▶ _The problem_:
Extract from the entries below, exactly as given, only the lines from the line containing "Broken light bulb, close-up - Stock Image" to the line containing "Shark Week 2021", both lines included.

▶ _Data shown_:
-- -- --

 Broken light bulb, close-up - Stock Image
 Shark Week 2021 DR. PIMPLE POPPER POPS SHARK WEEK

-- -- --

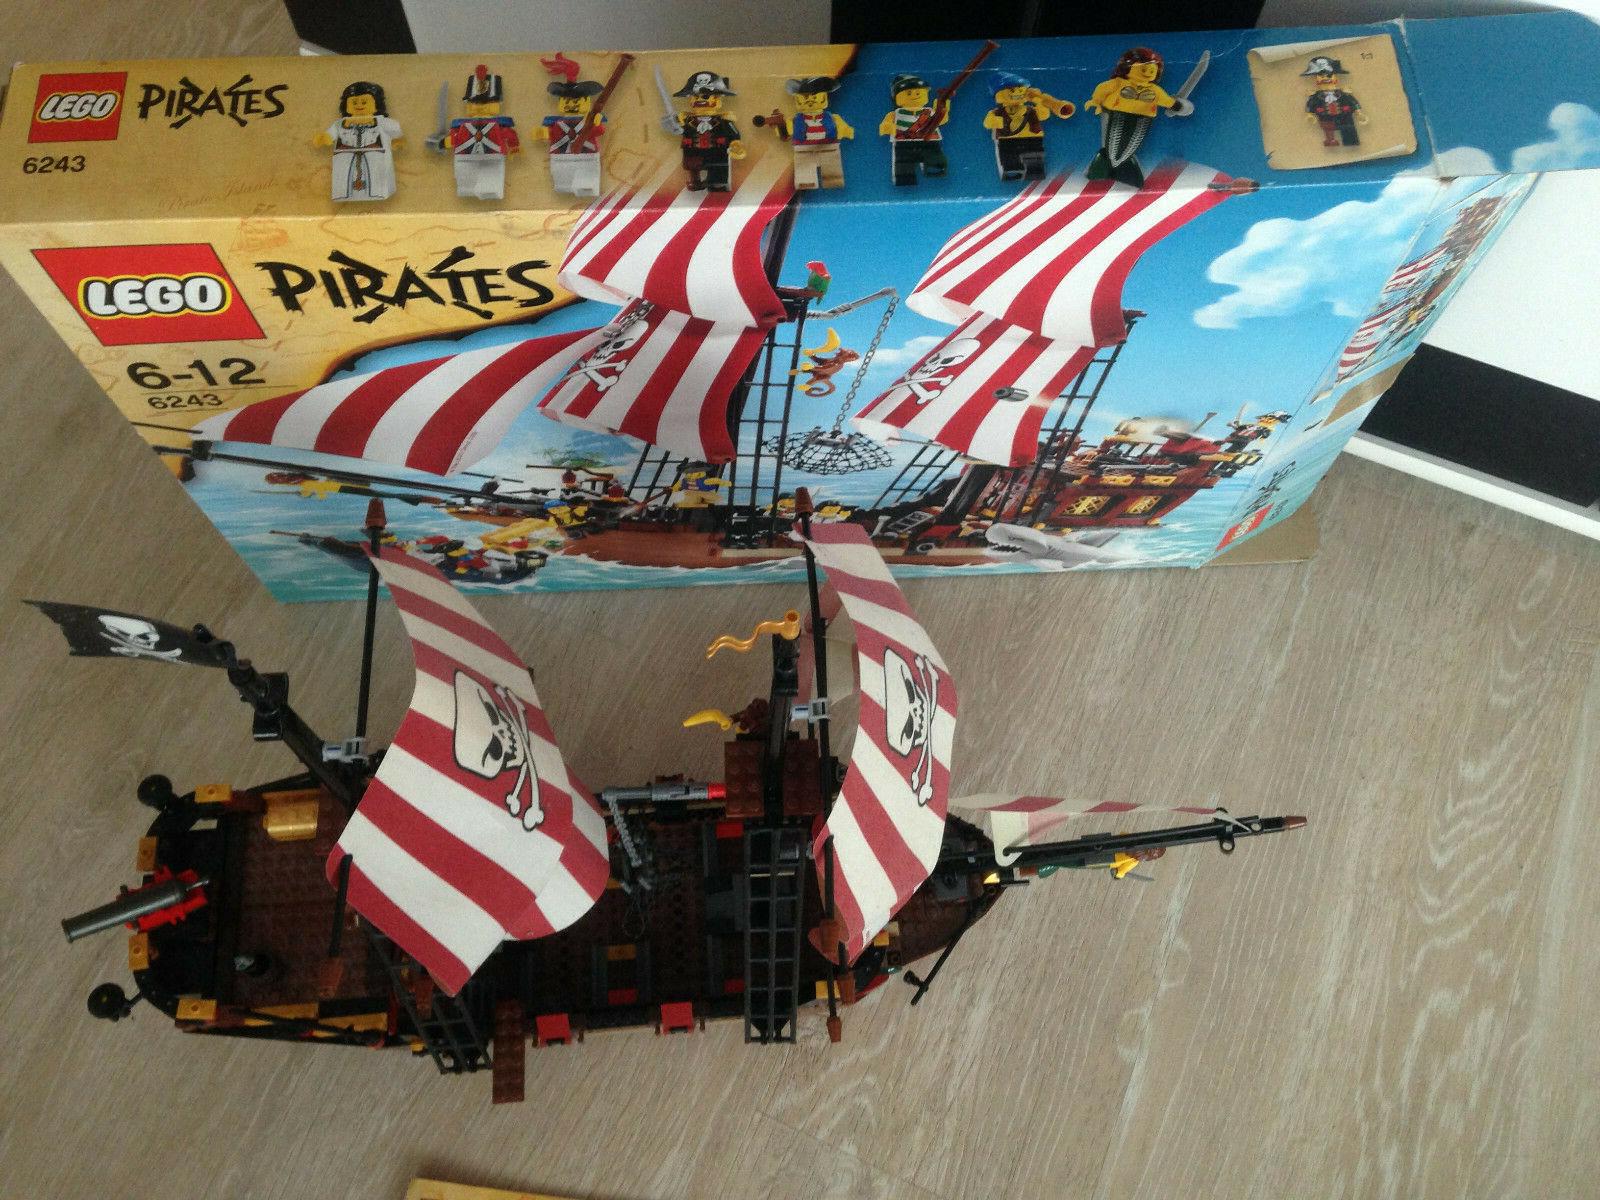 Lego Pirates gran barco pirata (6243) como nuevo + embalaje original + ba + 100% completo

-- -- --

▶ _Task response_:
 Broken light bulb, close-up - Stock Image
 Shark Week 2021 DR. PIMPLE POPPER POPS SHARK WEEK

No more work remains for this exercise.